5. Test re-trained models.

```
timestamp=$(date +%Y-%m-%d-%H-%M-%S-%N)
DATASET='cxpert'
architecture="densenet121_${DATASET}"
num_models=50
CUDA_VISIBLE_DEVICES=0,1,2,3 PYTHONPATH=. nohup python main.py \
--path /home/${USER}/code/capc-learning \
--dataset ${DATASET} \
--dataset_type 'balanced' \
--balance_type 'standard' \
--begin_id 0 \
--end_id 3 \
--num_querying_parties 3 \
--num_models ${num_models} \
--num_epochs 100 \
--architectures ${architecture} \
--commands 'test_models' \
--sigma_gnmax 7.0 \
--threshold 50 \
--sigma_threshold 30 \
--budgets 20.0 \
--optimizer 'Adam' \
--mode 'random' \
--lr 0.001 \
--weight_decay 0.00001 \
--schedule_factor 0.1 \
--scheduler_type 'ReduceLROnPlateau' \
--loss_type 'BCEWithLogits' \
--num_workers 8 \
--batch_size 64 \
--eval_batch_size 64 \
--class_type 'multilabel' \
--device_ids 0 1 2 3 \
--momentum 0.9 \
--weak_classes '' \
--chexpert_dataset_type 'pos' \
--log_every_epoch 0 \
--debug 'False' \
--xray_views 'AP' 'PA' \
--query_set_type 'numpy' \
--pick_labels -1 \
--retrain_model_type 'load' \
--test_models_type 'retrained' \
>>train_private_${DATASET}_${timestamp}.txt 2>&1 &
echo train_private_${DATASET}_${timestamp}.txt
```

## The main implementation parts and parameters

The Binary PATE per label and Powerset can be found in
file: `analysis/rdp_cumulative.py`. The functions are `analyze_multilabel()` for
Binary and `analyze_multilabel_powerset` for Powerset.

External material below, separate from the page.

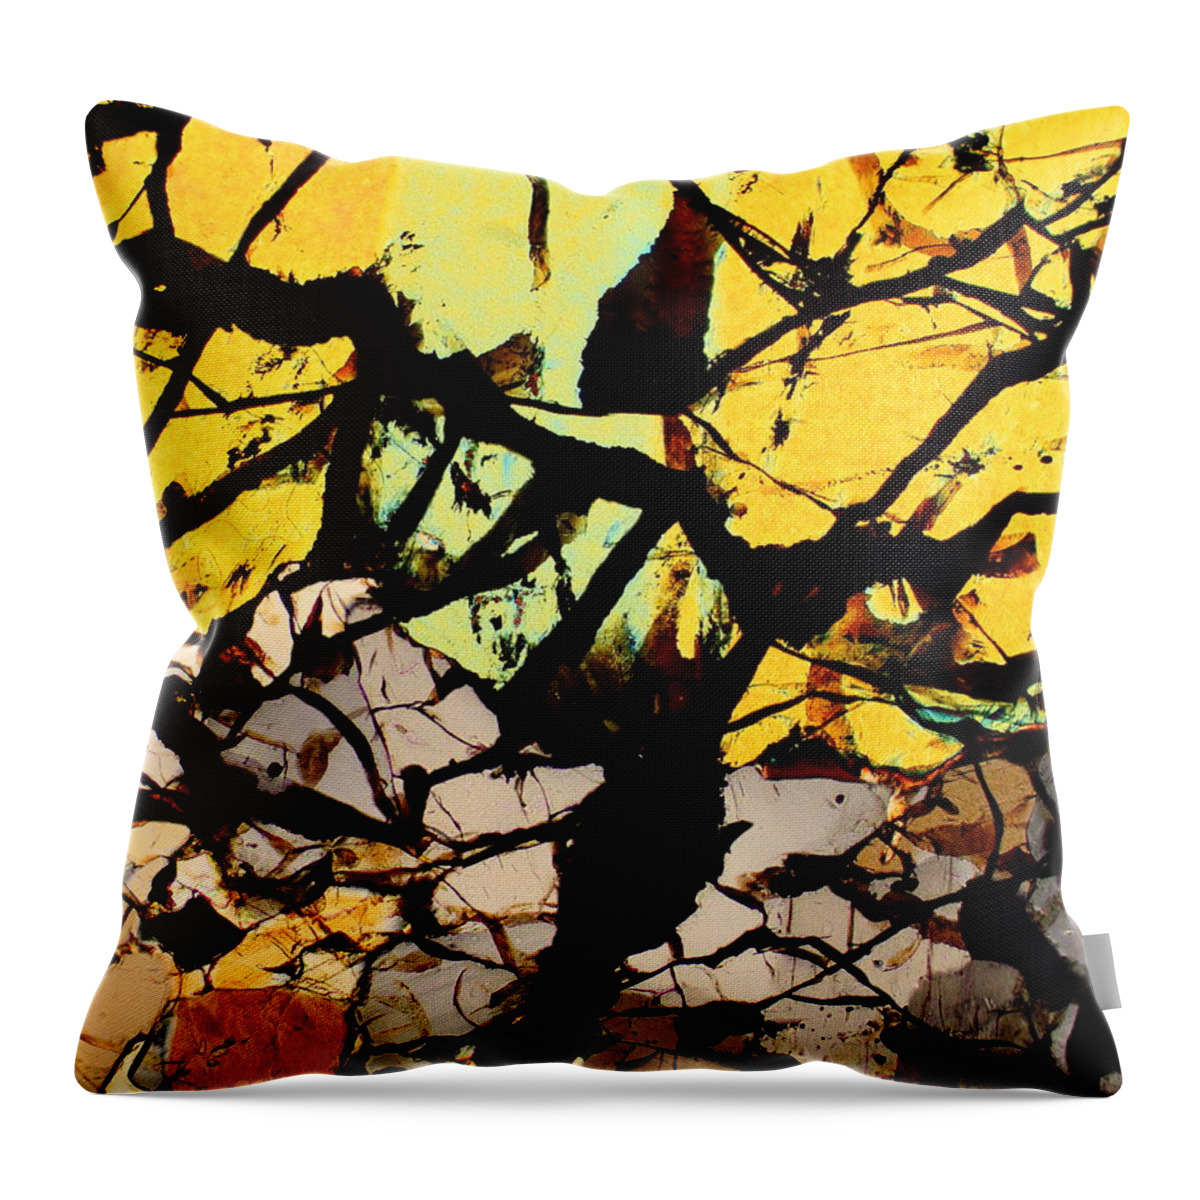 Meteorites Throw Pillow featuring the photograph All Hallows Eve by Hodges Jeffery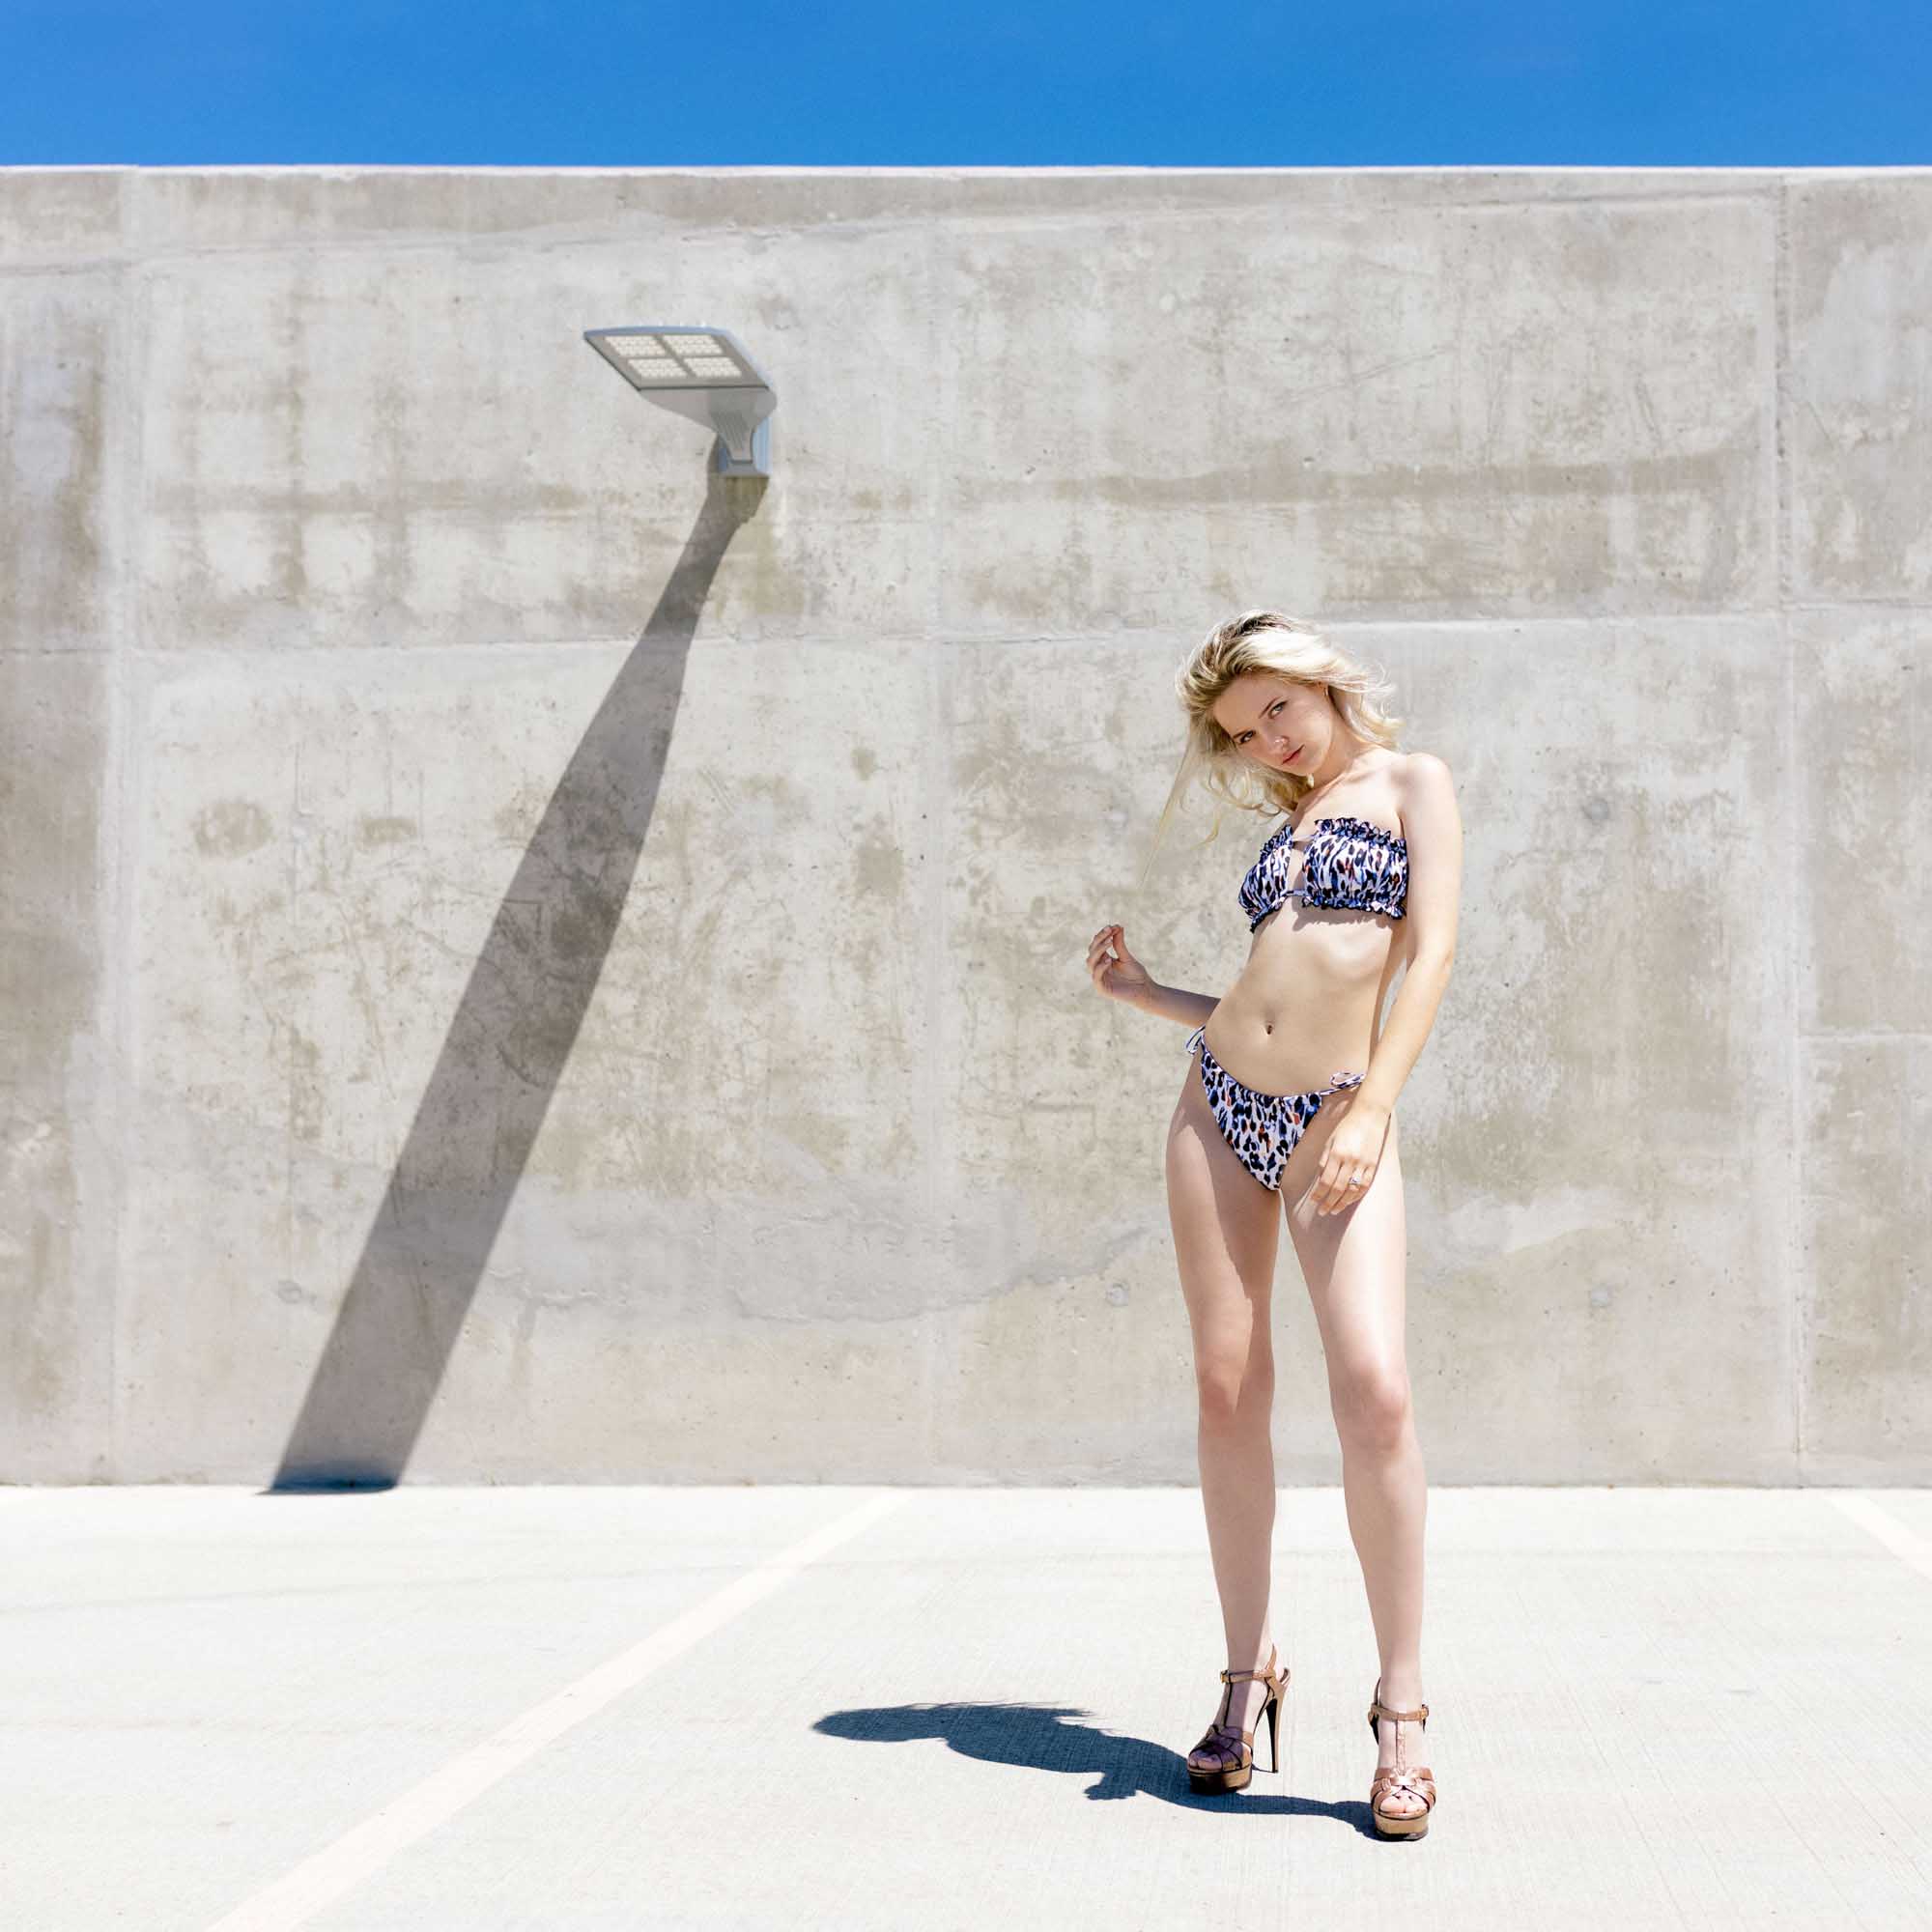 Model in bikini swimwear poses in parking lot with dramatic light and shadow | Meghan Travers @traversmeghan | Teen Model | Fashion Photography | Denver, Colorado

To activate Binary version use parameter `--class_type 'multilabel'`, for
Powerset `--class_type 'multilabel_powerset'`.

The t-PATE per label can be found in file: `analysis/rdp_cumulative.py` and
function `analyze_tau_pate()`. To activate this version use
parameter `--class_type 'multilabel_tau_pate'`.

To activate the tau-clipping mechanism set the `--class_type`
to `multilabel_tau_data_independent`. Then, `--private_tau_norm 2` (2 is for the
L2 norm) and, e.g., for Pascal VOC the threshold tau is `1.8`.